→ Exercise data
_ _ _ _
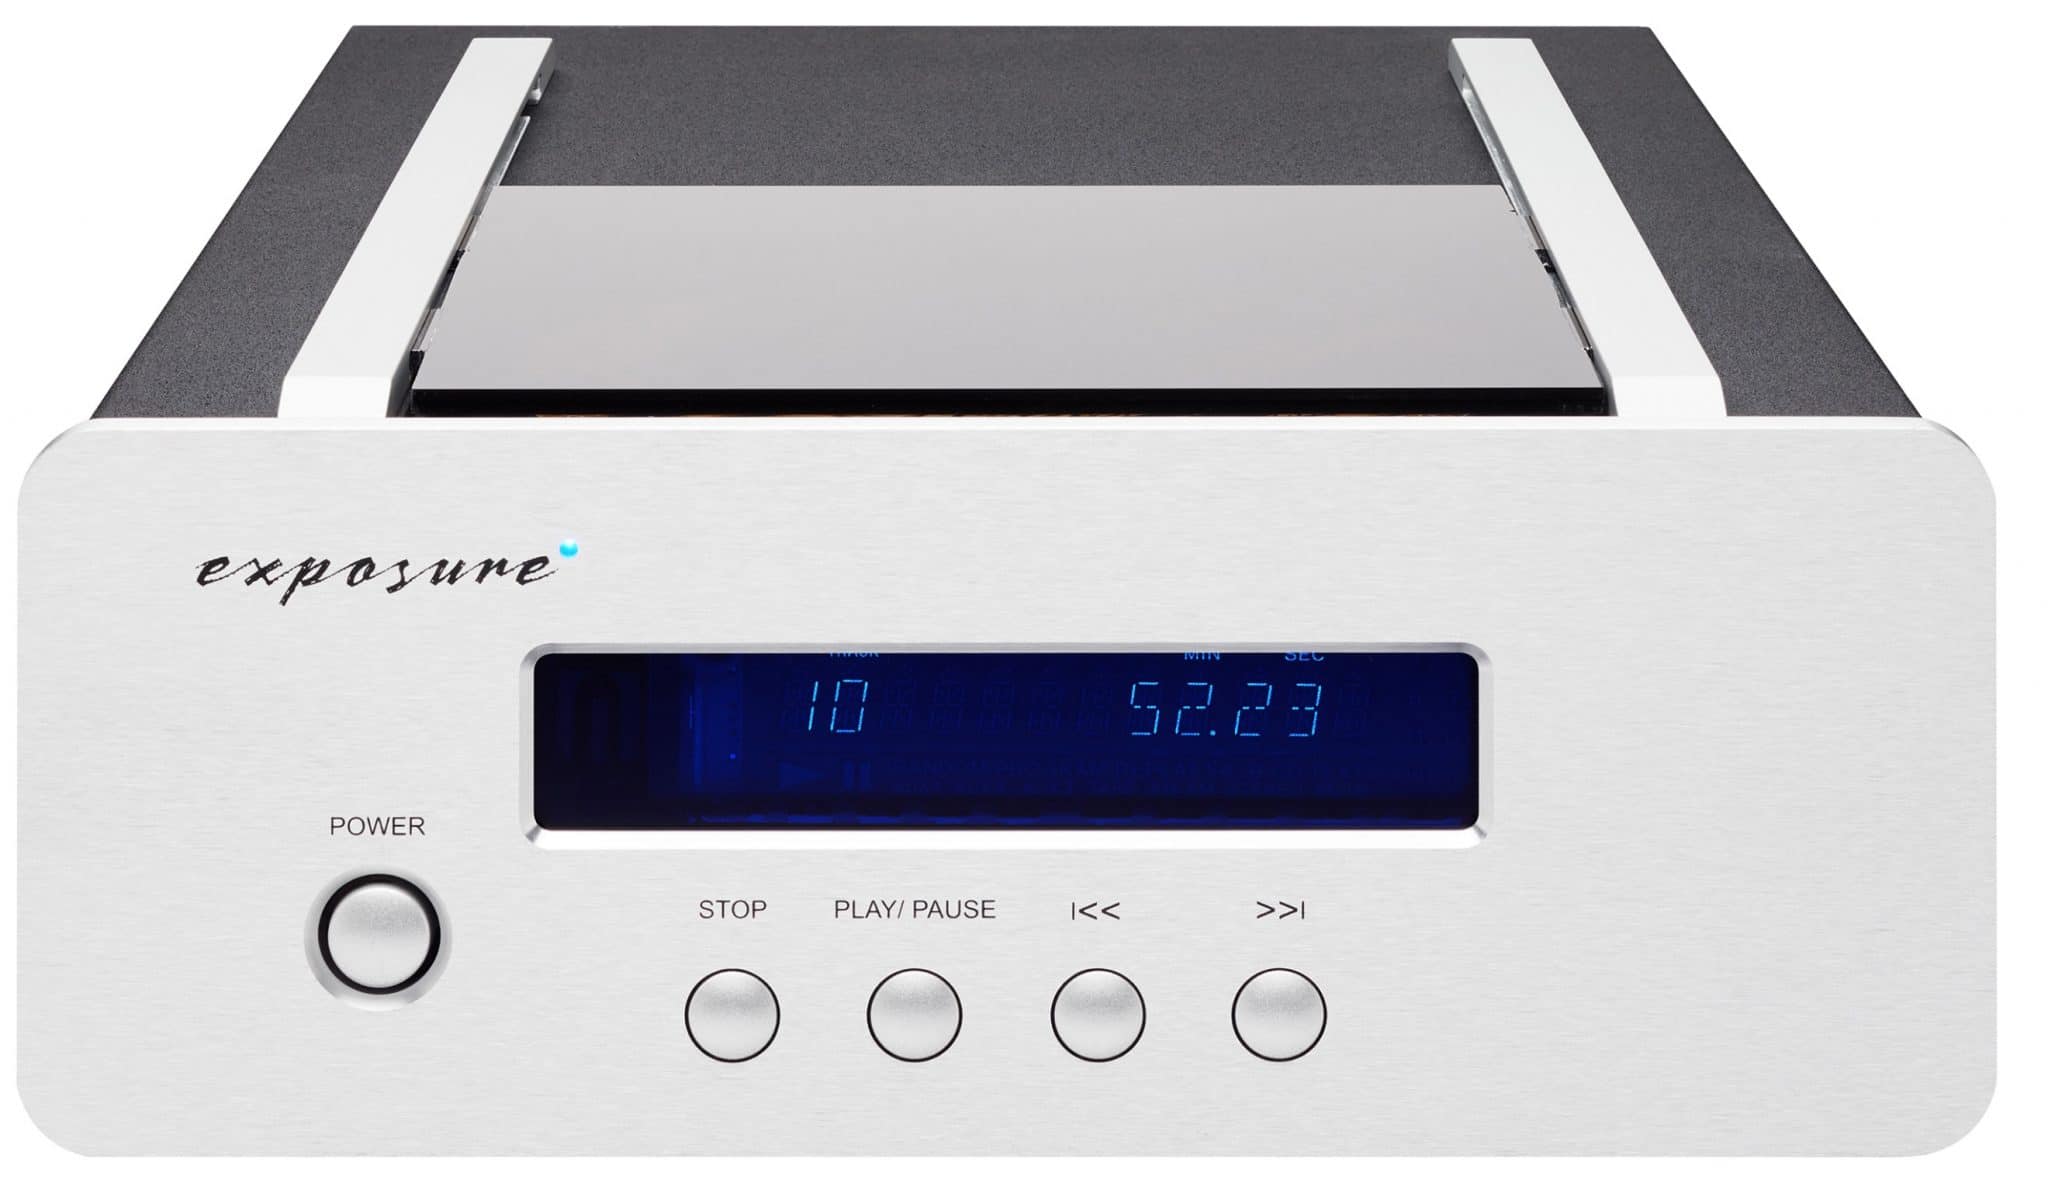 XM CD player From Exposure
_ _ _ _
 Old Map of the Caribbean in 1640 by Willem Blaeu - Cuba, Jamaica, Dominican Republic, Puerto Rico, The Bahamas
_ _ _ _
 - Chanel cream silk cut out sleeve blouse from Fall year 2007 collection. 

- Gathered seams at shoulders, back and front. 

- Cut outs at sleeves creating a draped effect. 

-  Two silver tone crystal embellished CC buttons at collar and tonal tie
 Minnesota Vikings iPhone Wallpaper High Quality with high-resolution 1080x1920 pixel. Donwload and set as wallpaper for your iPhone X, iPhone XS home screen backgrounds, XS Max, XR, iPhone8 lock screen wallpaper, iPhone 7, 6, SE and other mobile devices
_ _ _ _
→ Task description
Above are the records; print exactly the lines from the line with "- Cut outs at" to the line with "Minnesota Vikings iPhone", including both, and nothing else.

→ Result
- Cut outs at sleeves creating a draped effect. 

-  Two silver tone crystal embellished CC buttons at collar and tonal tie
 Minnesota Vikings iPhone Wallpaper High Quality with high-resolution 1080x1920 pixel. Donwload and set as wallpaper for your iPhone X, iPhone XS home screen backgrounds, XS Max, XR, iPhone8 lock screen wallpaper, iPhone 7, 6, SE and other mobile devices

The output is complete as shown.